Why host your own LLM?

[+] waffletower|2 years ago|reply

I chose to self-host for a variety of reasons. One, I had been using gpt-3.5-turbo for a hobby project and had an abysmal accessibility experience -- I received repeated 429s with serial requests far more sparse than the limits, at most frequent, 10 times less often than the recommended threshold. When I adjusted further the 429s kept returning. It reached a point where even llama.cpp models (on 20 cores) were definitely more performant. I received absolutely no response from customer support despite being an actual paying customer. I imagine OpenAI affiliates here will downvote this, but I found OpenAI's API accessibility to be one of the most terrible I have ever used.

[+] phillipcarter|2 years ago|reply

FWIW, we've been live with GPT-3.5 turbo since May and it's improved a LOT.

Latency is down consistently across the board and we haven't seen a single "429 model overloaded" error in the past month: https://twitter.com/_cartermp/status/1686894576202907651/

[+] justanotherunit|2 years ago|reply

Where do you host your model? I am looking around on where I can deploy one without ruining me financially.

[+] visarga|2 years ago|reply

I have had similar issues with the Azure GPT-3.5, it would respond fast sometimes, and just hang for minutes other times, not even a 429. Just blocked randomly.

[+] pmontra|2 years ago|reply

How much are you spending to self host a LLM?

[+] rmason|2 years ago|reply

Just listened to Lex Fridman's three hour interview with George Hotz this weekend. He spoke about his new company, Tiny Corp.

Tiny Corp. will be producing the Tiny Box that lets you host your own LLM at home using TinyGrad software.

The tinybox

738 FP16 TFLOPS

144 GB GPU RAM

5.76 TB/s RAM bandwidth

30 GB/s model load bandwidth (big llama loads in around 4 seconds)

AMD EPYC CPU

1600W (one 120V outlet)

Runs 65B FP16 LLaMA out of the box (using tinygrad, subject to software development risks)

$15,000

Hardware startups are extremely difficult. But Hotz's other company Comma.ai is already profitable so it is possible. I find the guy extremely encouraging and he is always doing interesting stuff.

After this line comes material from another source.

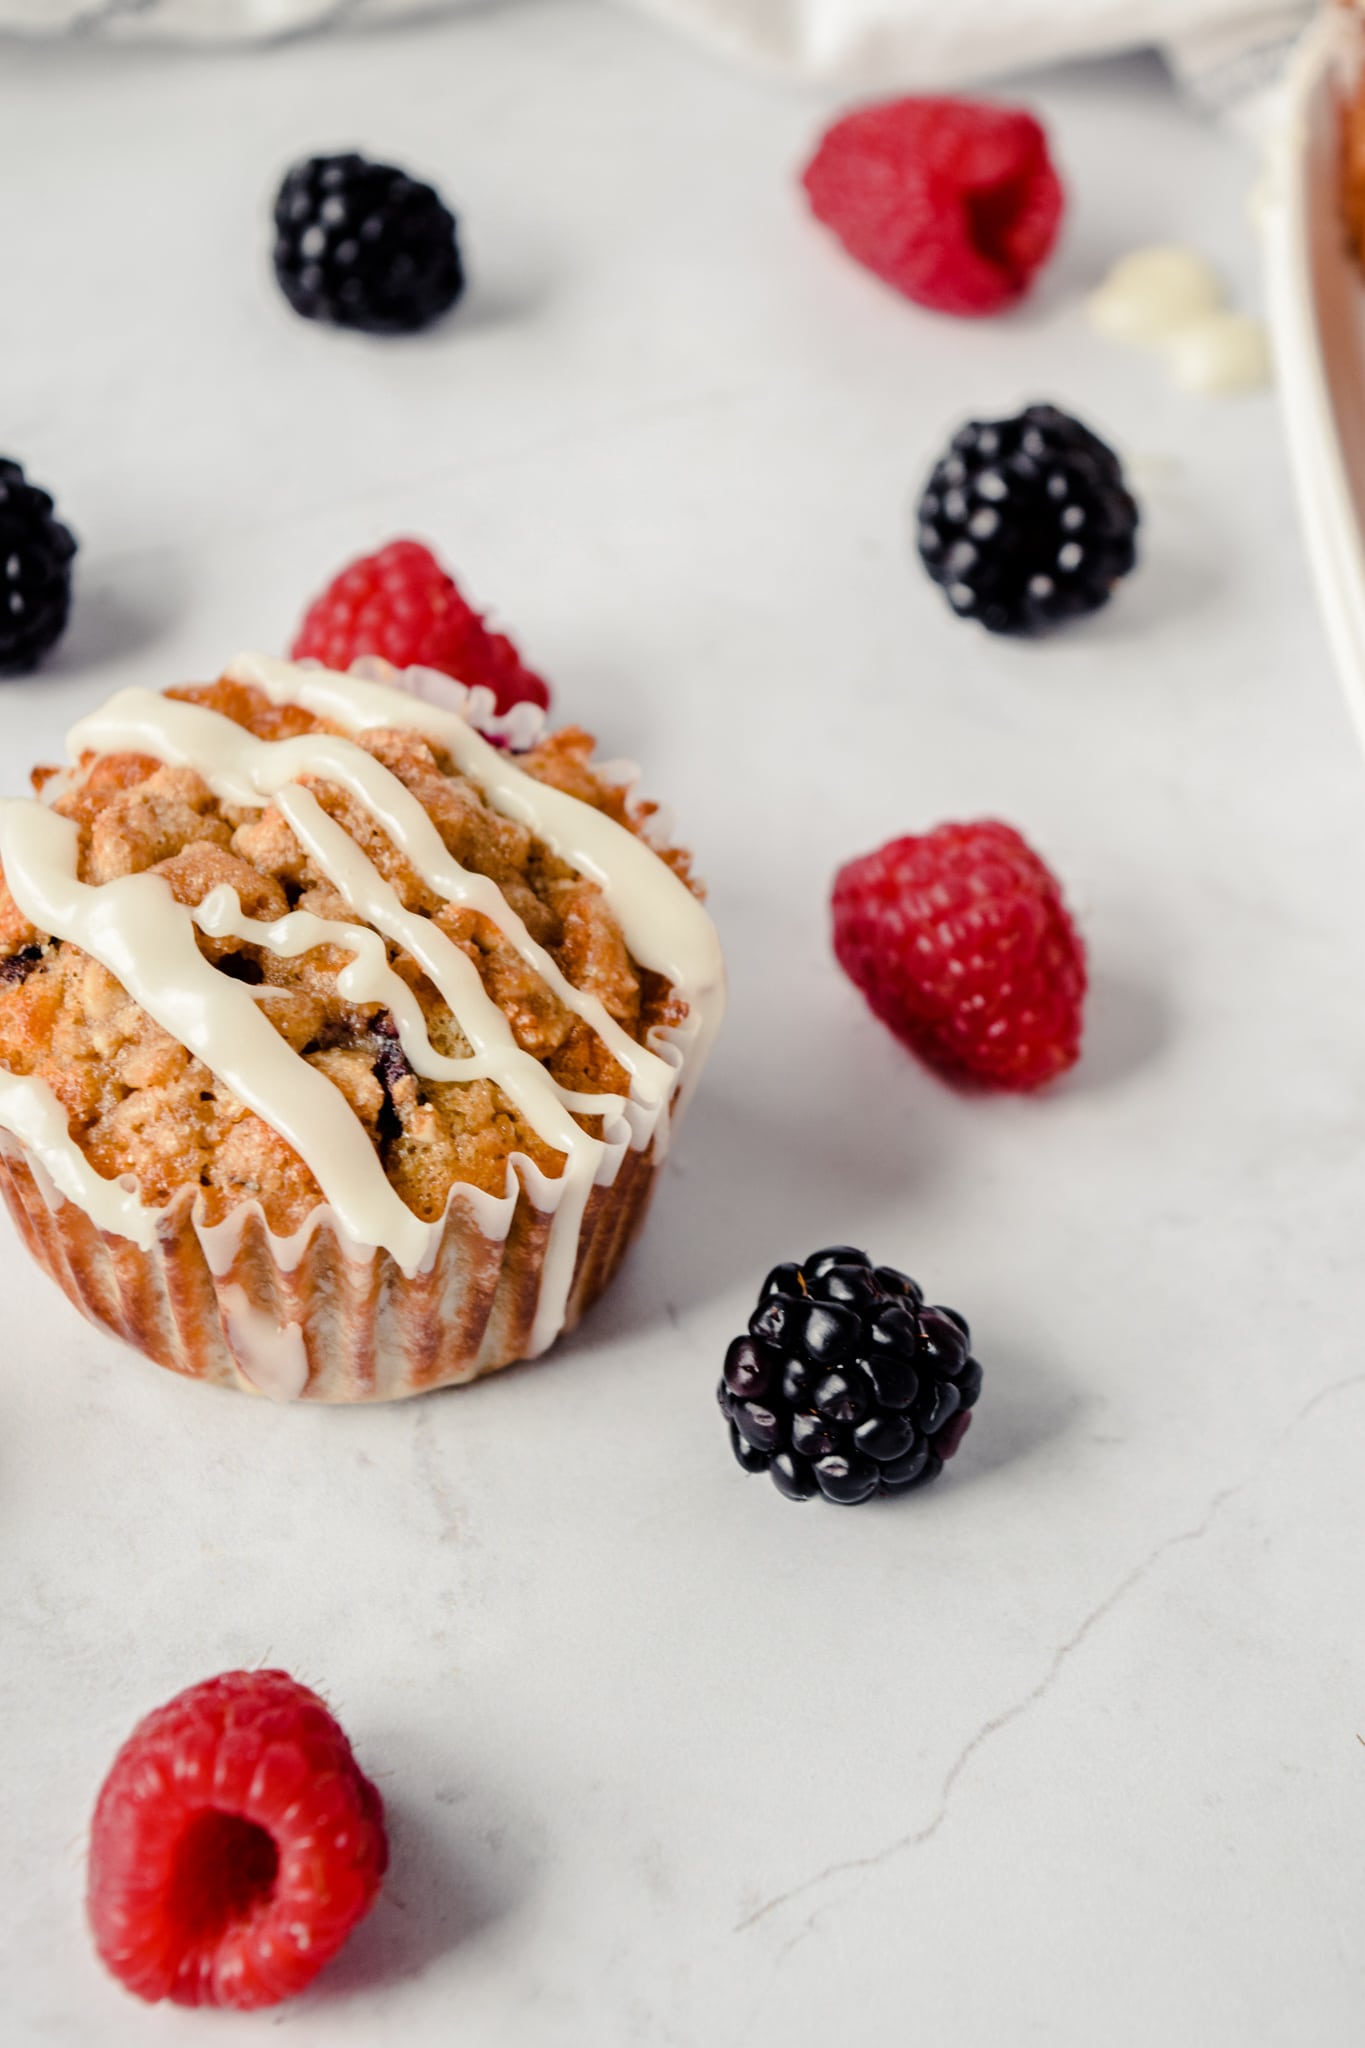 Mixed Berry Streusel Baked Oatmeal Muffins

[+] LoganDark|2 years ago|reply

Is $15,000 really an "at home" sort of price?

(If money is no object, why not grab an oxide.computer rack? Assuming you have three-phase power, of course...)

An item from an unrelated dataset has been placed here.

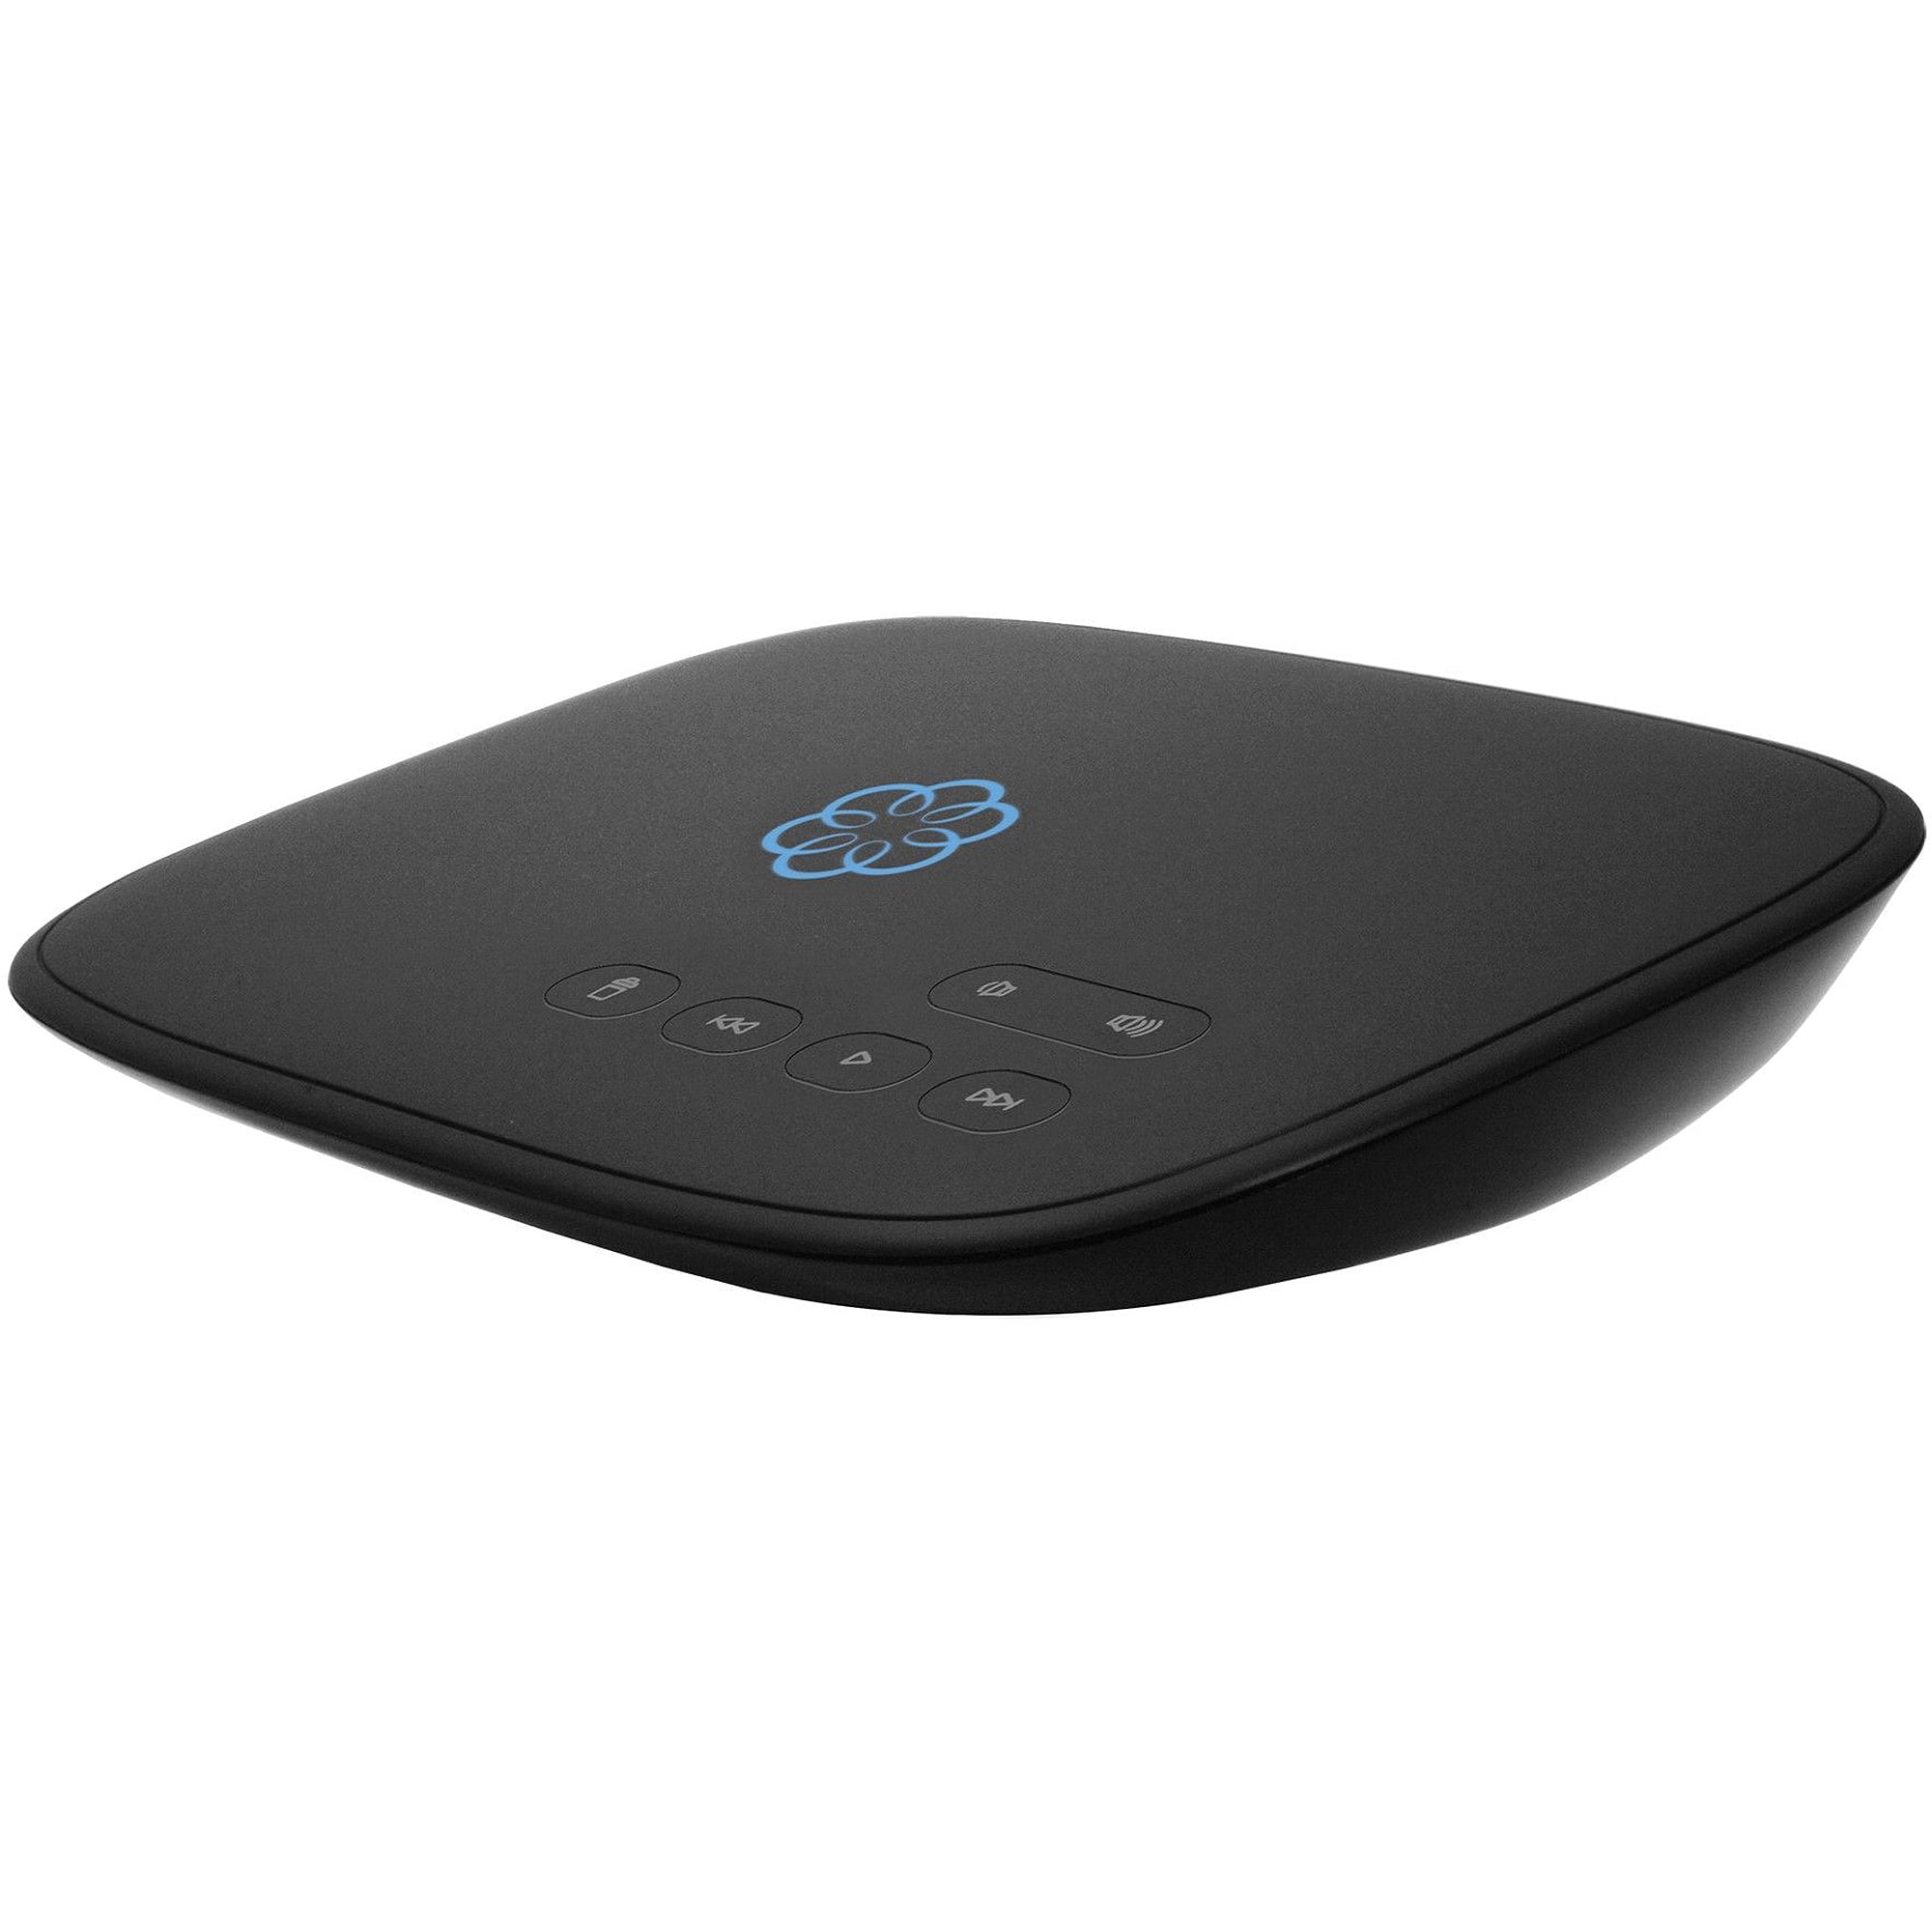 Works During Power and Internet outages Option to Block Robocalls. Affordable Internet-Based landline Replacement Ooma Telo 4G VoIP Home Phone and Backup Internet Service

[+] doctorpangloss|2 years ago|reply

George Hotz misread the NVIDIA Inception pricing as per unit instead of as a rebate, believing the GPUs are 80% cheaper than they actually are.

[+] lawn|2 years ago|reply

Why buy this instead of building your own setup with X 4090s?

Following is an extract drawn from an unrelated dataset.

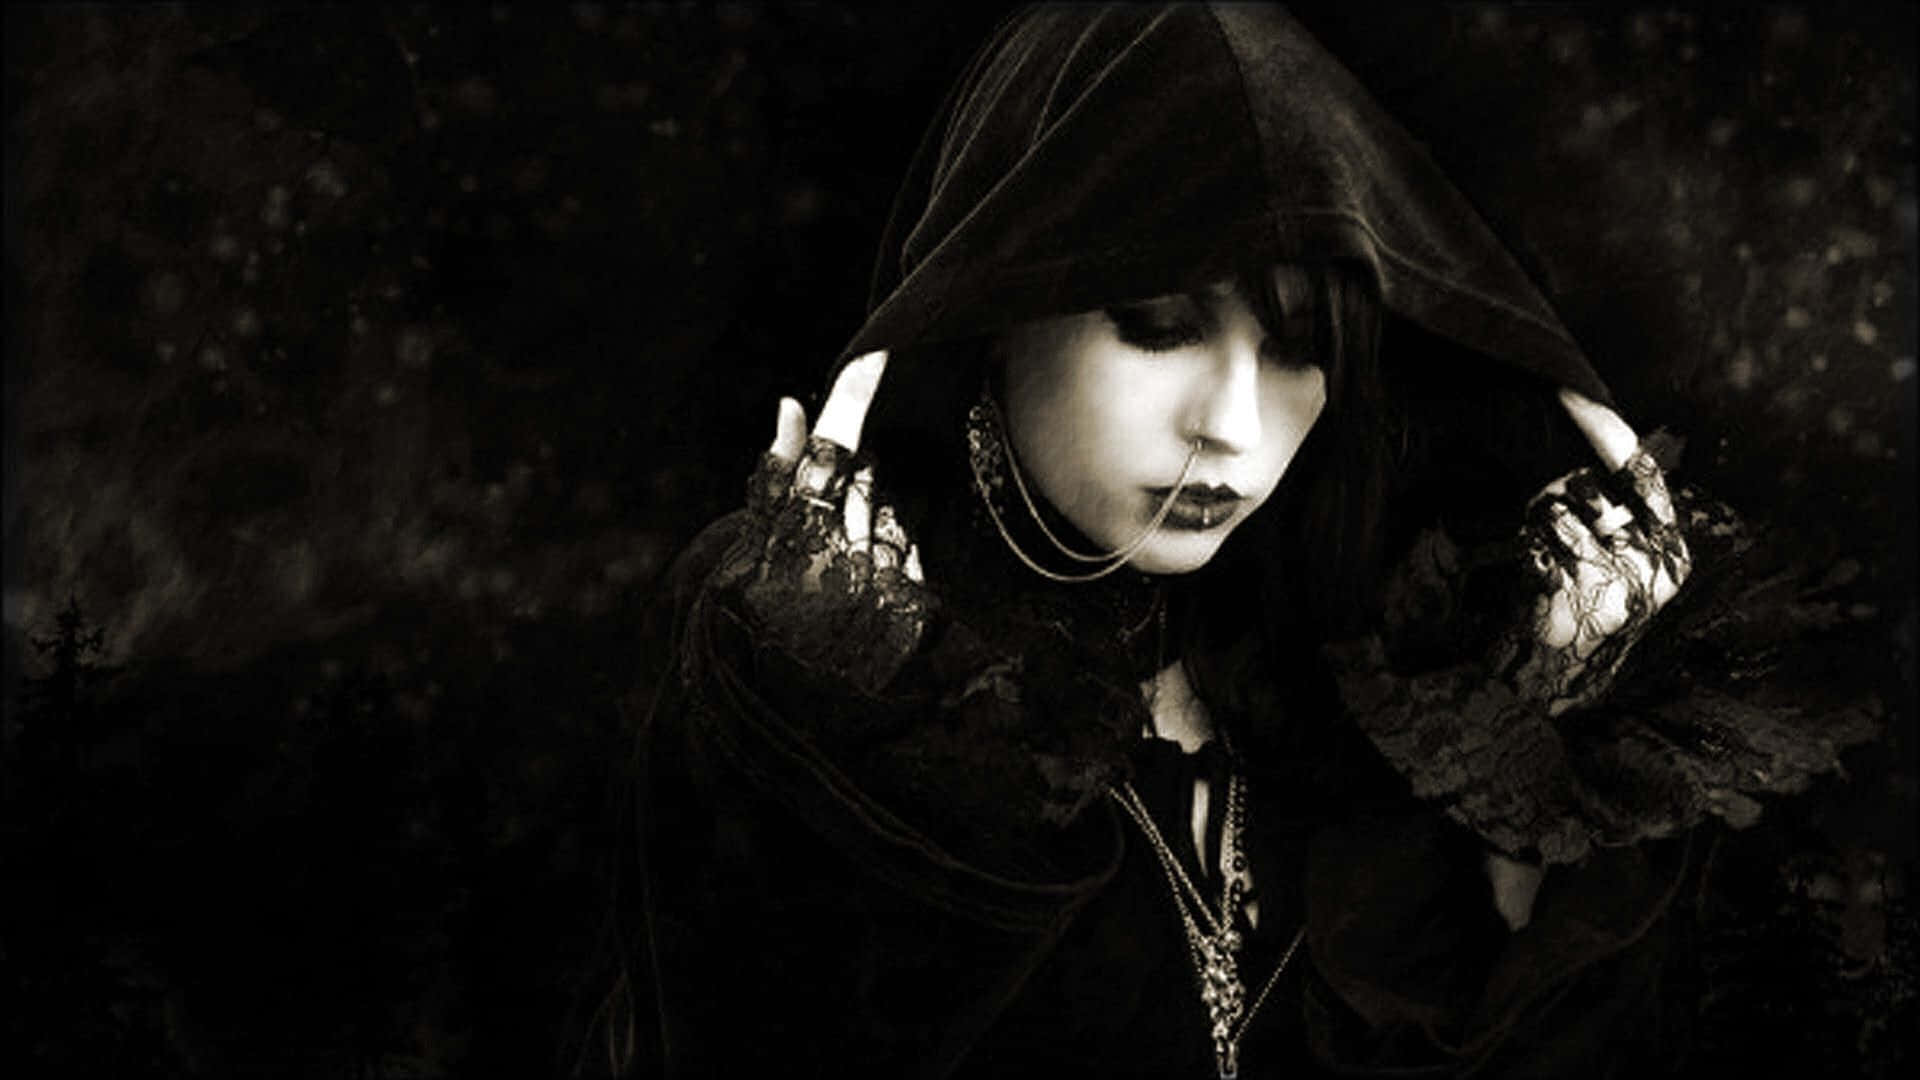 A Woman In Black With A Hood And A Necklace

[+] outside1234|2 years ago|reply

What podcast (or otherwise) was this?

Was it this one? https://www.youtube.com/watch?v=dNrTrx42DGQ

[+] psyclobe|2 years ago|reply

Think of it like an ac unit, they are expensive but indispensable. I have always envisioned locally trained ai and now it is happening!

[+] bananapub|2 years ago|reply

why are you valuing George Hotz (or Lex Fridman's) opinions in this at all?

[+] naillo|2 years ago|reply

Imagine how many 4090s you could buy and run in a cluster for $15,000 though

[+] garciasn|2 years ago|reply

We host our own LLM because:

1. We are not permitted, by rule, to send client data to unapproved third parties.

2. I generally do not trust third parties with our data, even if it falls outside of #1. Just look at the hoopla with Zoom; do you really want OpenAI further solidifying their grip on the industry with your data?

3. We have the opportunity to refine the models ourselves to get better results than offered out of the box.

4. It's fun work to do and there's a confluence of a ton of new and existing nerdy technology to learn and use.

[+] zzleeper|2 years ago|reply

Stupid question from an outsider, but is it possible to grab a pretrained model (most likely one of the "camelids"), feed it your own data (I have about 1k documents that cannot leave my network) and use it for fast-but-sometimes-wrong information retrieval?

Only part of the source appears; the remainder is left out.